То есть получается, что Оливия не наврала?! (Даже если и не сказала правду.)
А почему он тогда не может обрести здесь хоть какое-то подобие моральной победы над ними со всеми здесь причитающимися унизительными и вожделенными радостями? Он не оскорблен? Нечистота собственной совести не мешает быть оскорбленным, даже должна помогать! Почему не может встать в позу, что-то вроде: «так не достанься же ты никому!» То есть он (оказывается!) не может «выплеснуть» себя так из «ситуации». Неужели потому только, что не верит до конца? Не так сложно помочь себе, заставить себя поверить. Почему ж не поверить правде?! (Подождите, скоро он себя как раз и «выплеснет»! И мало не покажется.) После того милого общения с Оливией кисло как-то сделалось и в душе провисло что-то. Сил, драйва нет у него сейчас ни для ревности, ни для разрыва (он сейчас как бы заставляет самого себя). Вкуса к этому не стало у него. А они дергают его, требуют, дают волю интуиции, сводят через него свои счеты, пусть и не догадываются пока, до какой степени. Он, посчитавший себя свободным от обеих, самое смешное (увидел только сейчас), он ждал возможности выйти из «ситуации» на условиях собственной правоты. Вот как будто бы и дождался. Только бы не расплескать. Не заболтать, не замусолить, не размазать.

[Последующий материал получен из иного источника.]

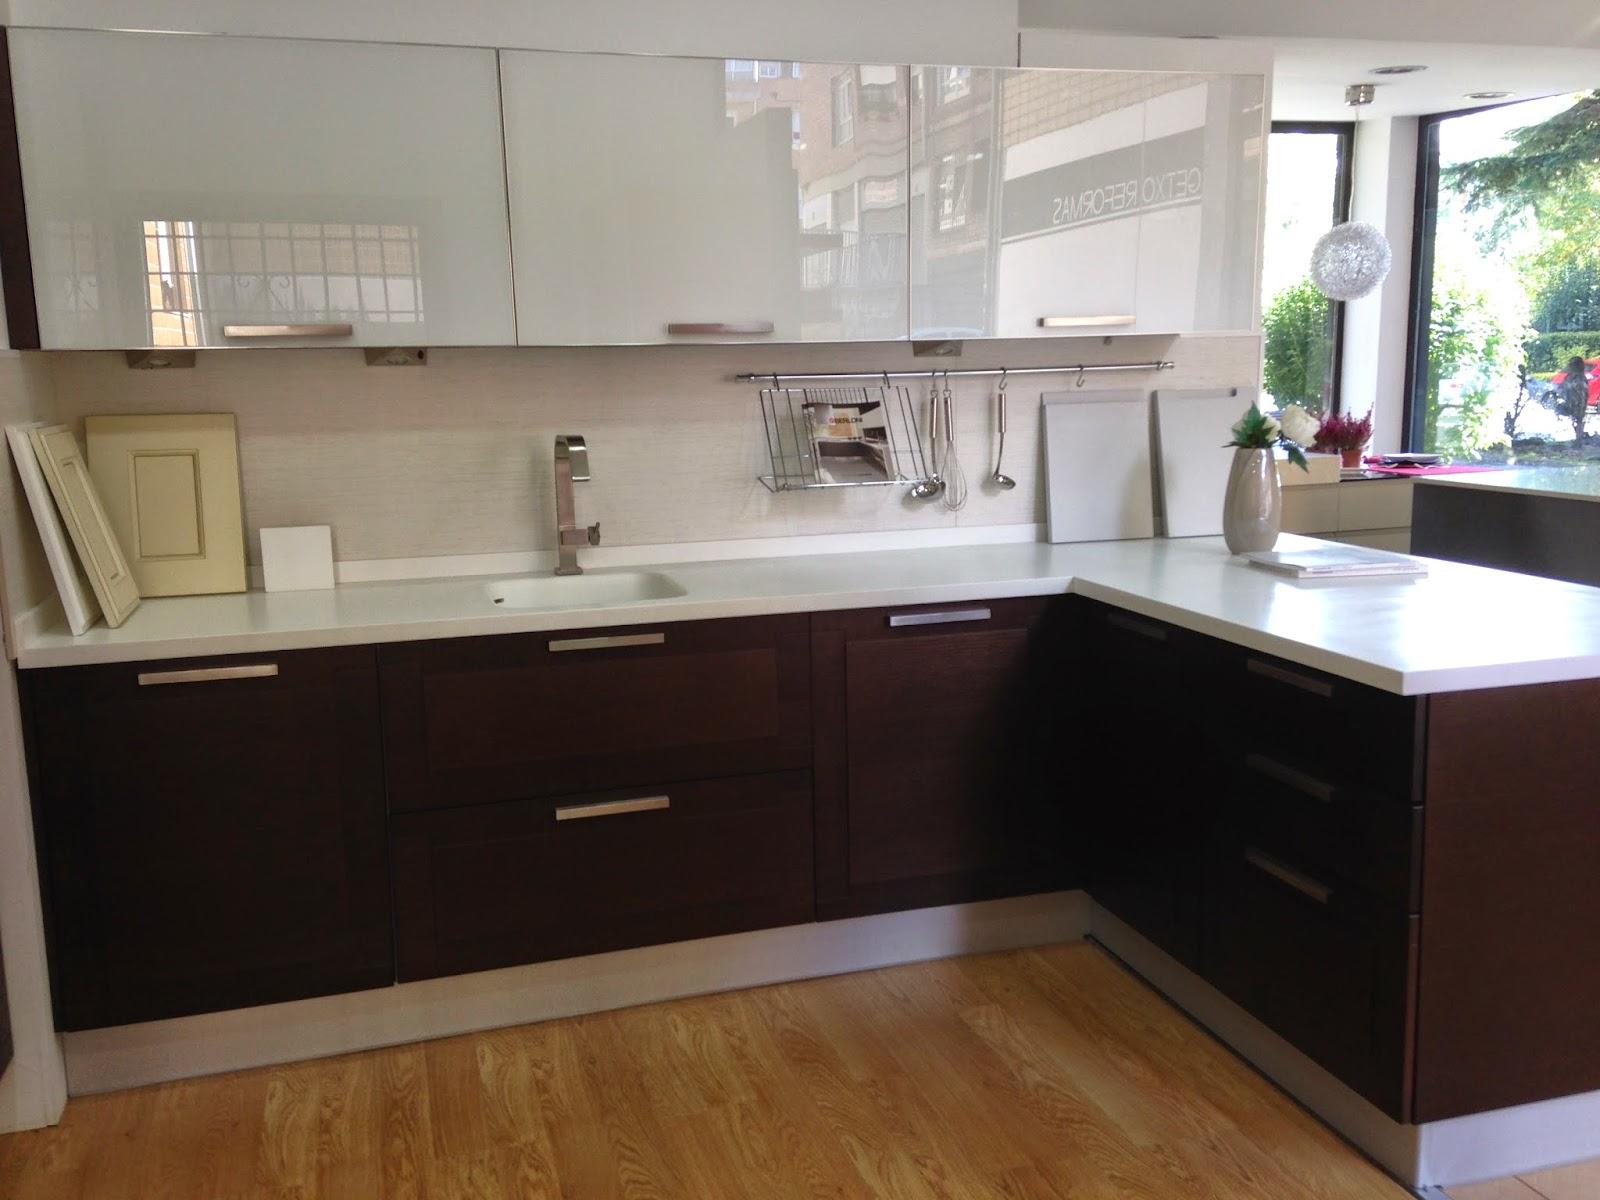 Precios especiales en muebles de cocina por cambio de for Muebles precios

Мария и Дианка дружили очень давно. Со школы. Девочки выросли. Стали тем, кем стали – тем, кем хотели стать. Все эти годы они дергали, изводили друг друга, придирались, упрекали, настаивали на своем. Это было способом дружбы, формою со-бытия… что гораздо важнее всех этих, так взволновавших глупенькую Оливию «тех самых отношений» (придуманных или же реальных). Потому как здесь уже было о каком-то вязком занудстве жизни.
Для Прокофьева «ситуация» открыла сейчас… Открылась как исключающая смысл, как бы она ни развивалась. Сколько б ни было здесь событий, случайностей, неожиданных поворотов, причин ли, следствий. Сколько б ни было психологии, похоти, страсти, ревности, любви, наконец…
Лехтман с Лоттером в мегаполисе, «в долине». Они в потоке. Мерный поток прохожих. Луч заката идет по потоку. Луч заката сейчас раскрывает смысл и значение тела в глубину проживаемой жизни. Лехтман опять о Ван Гоге: «Ты, конечно же, помнишь эту картину, Макс. Комнатка художника, с какой-то странной скошенной стеной. Здесь слишком много света, в таком количестве не мог пройти сквозь мизерное окошечко – за ним пейзажа нет и даже дома напротив нет – лишь только свет. Пространства тоже слишком много для этих стен. Пол, что был когда-то крашеным, он накренен так круто, что вещам (кровать, два стула, скорей всего туалетный столик), чтоб удержаться, приходится на цыпочках стоять, растягиваясь по диагонали, что позволяет выплеснуть все то, что можно посчитать за сущность вещи, не покрываемую самой идеей вещи… Здесь важно только не потечь по плоскости холста. Кровати будет здесь попроще – она неприподъемна и потому выдерживает свою материю, ту часть пространства, которой надо быть в пределах контура и уж тем более, что выдержит покойника… Кувшин, что в миске на столе, еще один кувшин – они того же точно цвета, что и стены, как будто этот бледно-голубой нуждается еще и в форме… Это шашки, расставленные Бытием, а правил – как-то даже слишком зримо – правил нет.
Развешаны по стенам прямоугольники его картин, теперь из них любая дороже стоит целого квартала здесь, а может быть, и города… Наверно, это наказание времени за самодовольство, за бездумность, в такой для времени доступной форме, но бог с ним, с временем…»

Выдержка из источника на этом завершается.